Saturday, October 9, 2010

More Visual Aids

My office needed some more signs this week, so I drew these for the ladies’ room.

On the wall, they appear in a Choose Your Own Adventure format that I cannot recreate with my nonexistent web design skills, so you’re stuck with the more Goofus and Gallant layout below.

Also, the little rectangles on everyone’s shoulders are their nametags, with the yellow circle standing in for my organization’s actual logo.

Option 1:






Option 2:






I had these panels spread across my desk when they were spotted by a gentleman in his late 80s who volunteers at my office. He glanced at the one that proclaims, “I like filth!” and asked, “What format do you prefer—books, films, pictures?”

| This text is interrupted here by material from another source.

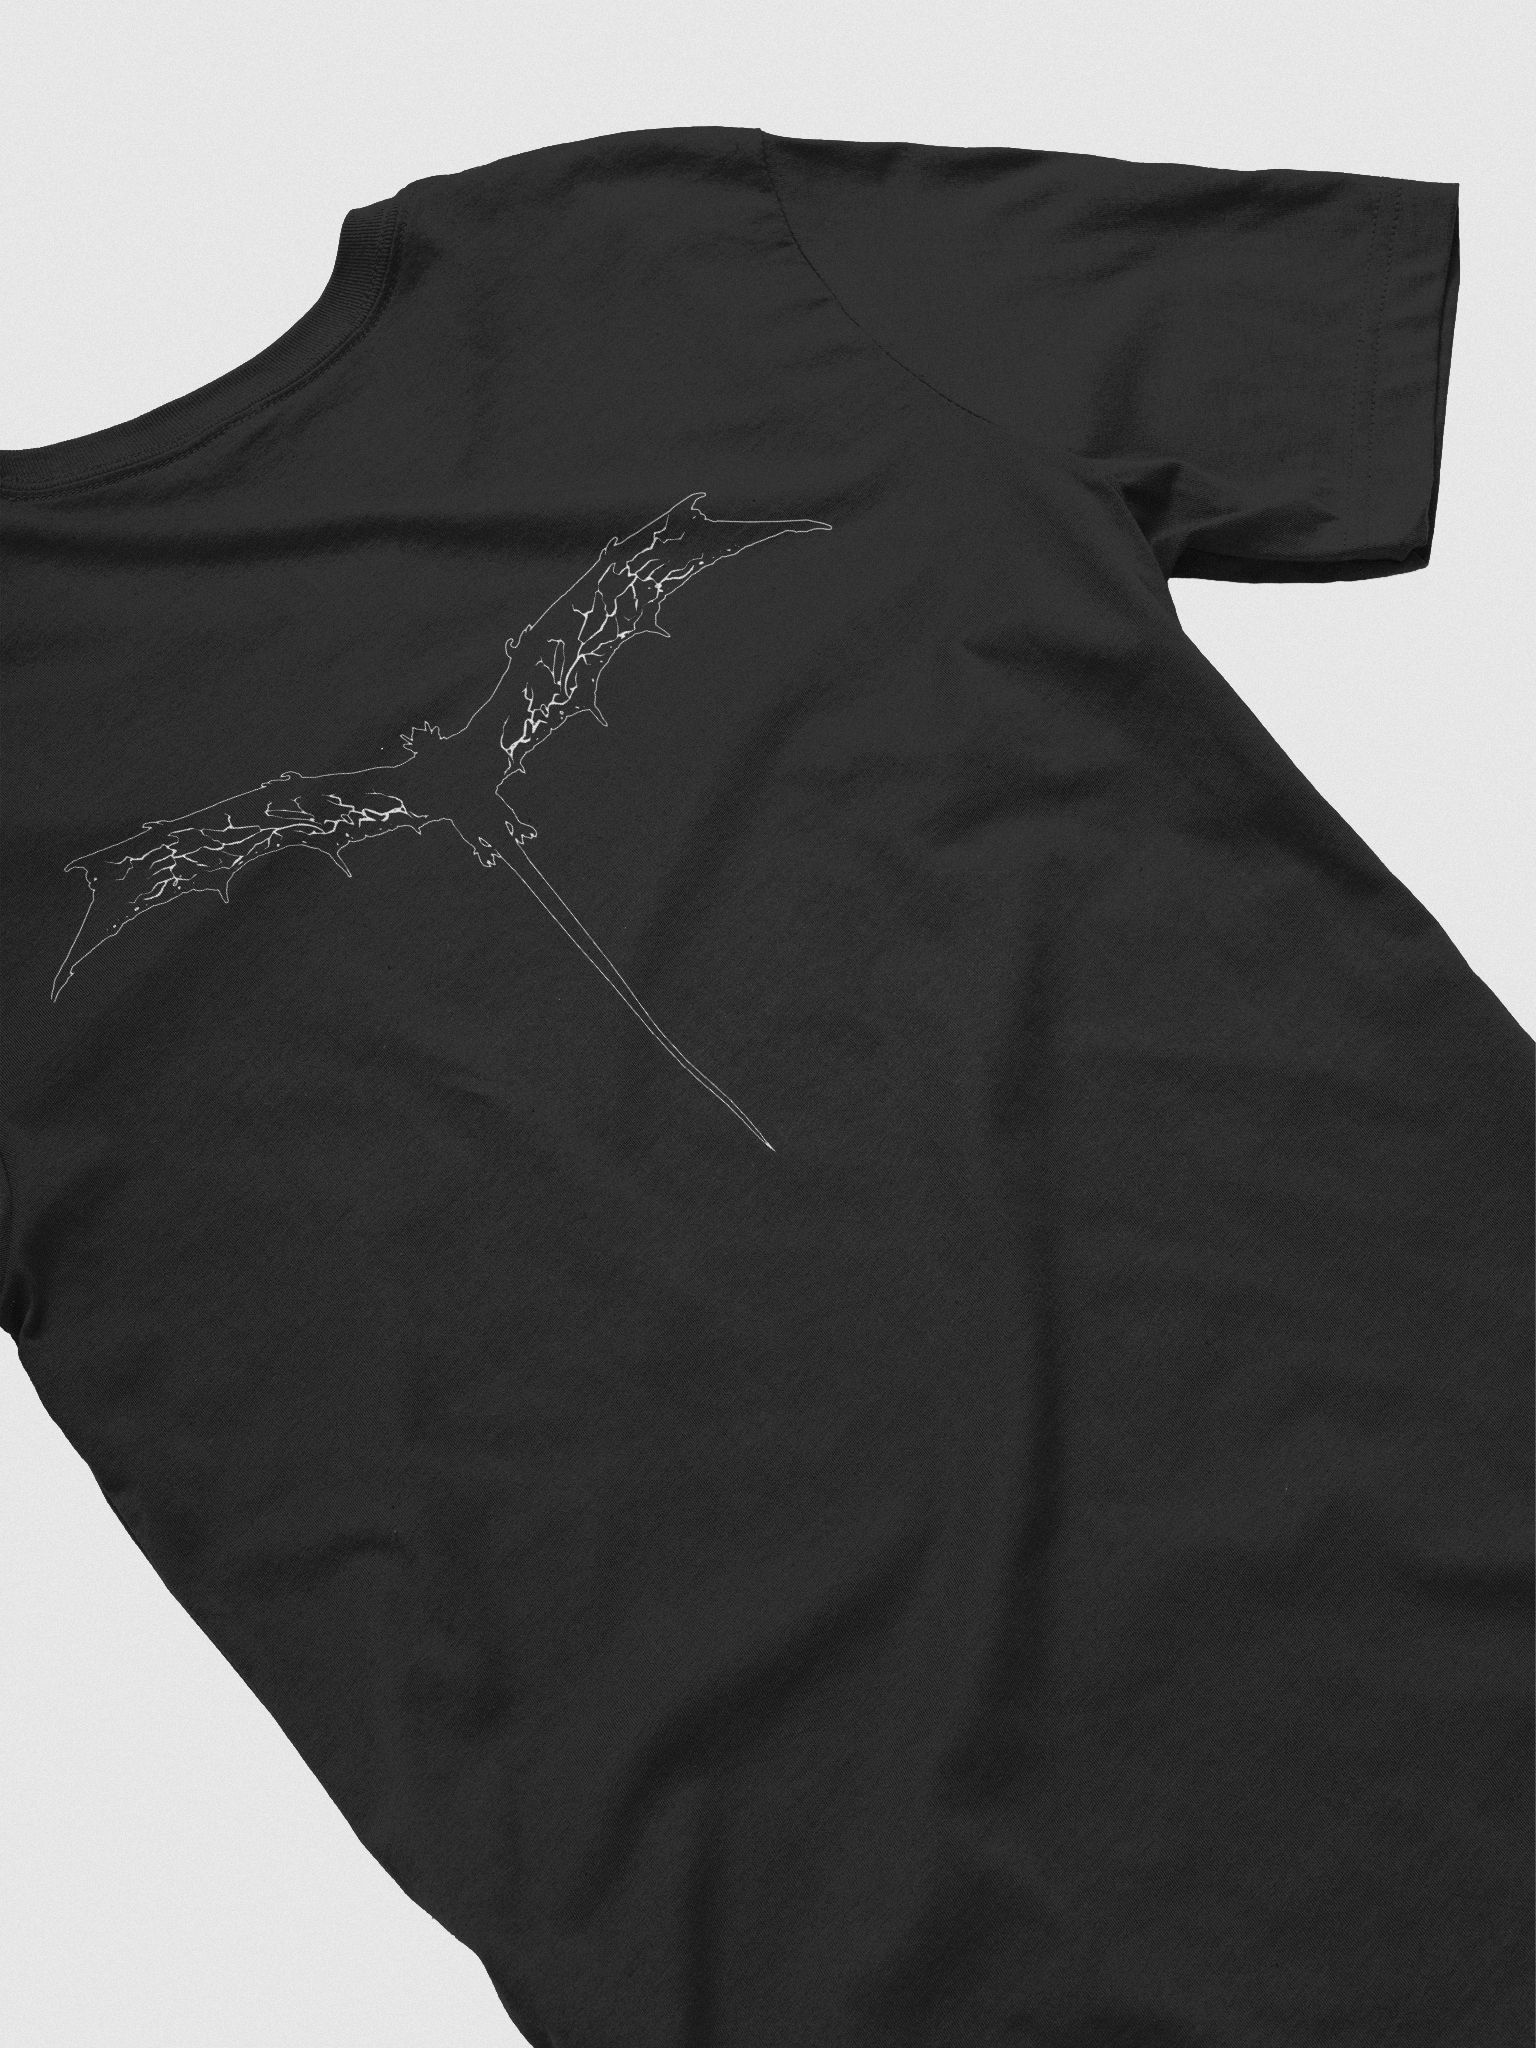 メンズLサイズ WYxBW T-SHIRT black - Tシャツ/カットソー(半袖/袖なし)

While I looked horrorstruck, he said, “I’ve never had an opening like that in my life!” and went on about his business.

Monday, October 4, 2010

This Isn't What It Looks Like

You know how sometimes your nose itches in a totally non-booger-related way? It’s still socially unacceptable to scratch it, though, so you have to resort to subterfuge to prove you’re not some kind of rogue snot bandit.

You’re touring an art museum, surrounded by sophisticated people in decorative scarves, when suddenly you feel the itch. At first you try to get your nose to scratch itself by wiggling your face like a rabbit on coke, but it doesn’t help. This itch means business.

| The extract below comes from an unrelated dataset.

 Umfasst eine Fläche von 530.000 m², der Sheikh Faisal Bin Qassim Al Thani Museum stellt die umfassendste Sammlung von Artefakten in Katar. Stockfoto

Gradually you move to the edge of the group, hoping for a little privacy. Meanwhile, your nose feels like it’s been used to collect dandelion fluff and wool sweaters.

Ever so casually, you raise a hand to your face, aiming for a dignified and thoughtful pose.


Finally, you dive in with all five fingernails—oh, the sweet relief! Then you try to disguise the episode by scratching something more demure, like your neck, as if your hand was headed there all along and just got confused.


It’s terrible because you’re not actually doing anything wrong—noses itch sometimes, just like elbows. But for all the sympathy you get from bystanders, you might as well be smearing mucus on the walls.

I have a similar problem at work, where my desk is in the front lobby. My office chair is pretty comfortable, but it is also rather vocal. It doesn’t speak in metallic squeaks or clunks, preferring a more human, earthy vocabulary

Of course, the chair doesn’t make noise all the time. It only chimes in when I have just said something like, “Hello, Mr. Chairman of the Board. Let me get an envelope for that thousand-dollar check.”


At least I can take comfort in the knowledge that others have suffered the same phenomenon.

The other socially stigmatizing problem I encounter is needing to fish irritants out of my eyes at inopportune moments. My eyes are basically big vacuum cleaners for sand and hairs, which usually arrive just in time to be mistaken for emotional leakage.

It’s okay at a wedding or something, since you can get extra points for being moved to tears by all the joy. In many situations, though, I would rather not be seen continually wiping my streaming eyes.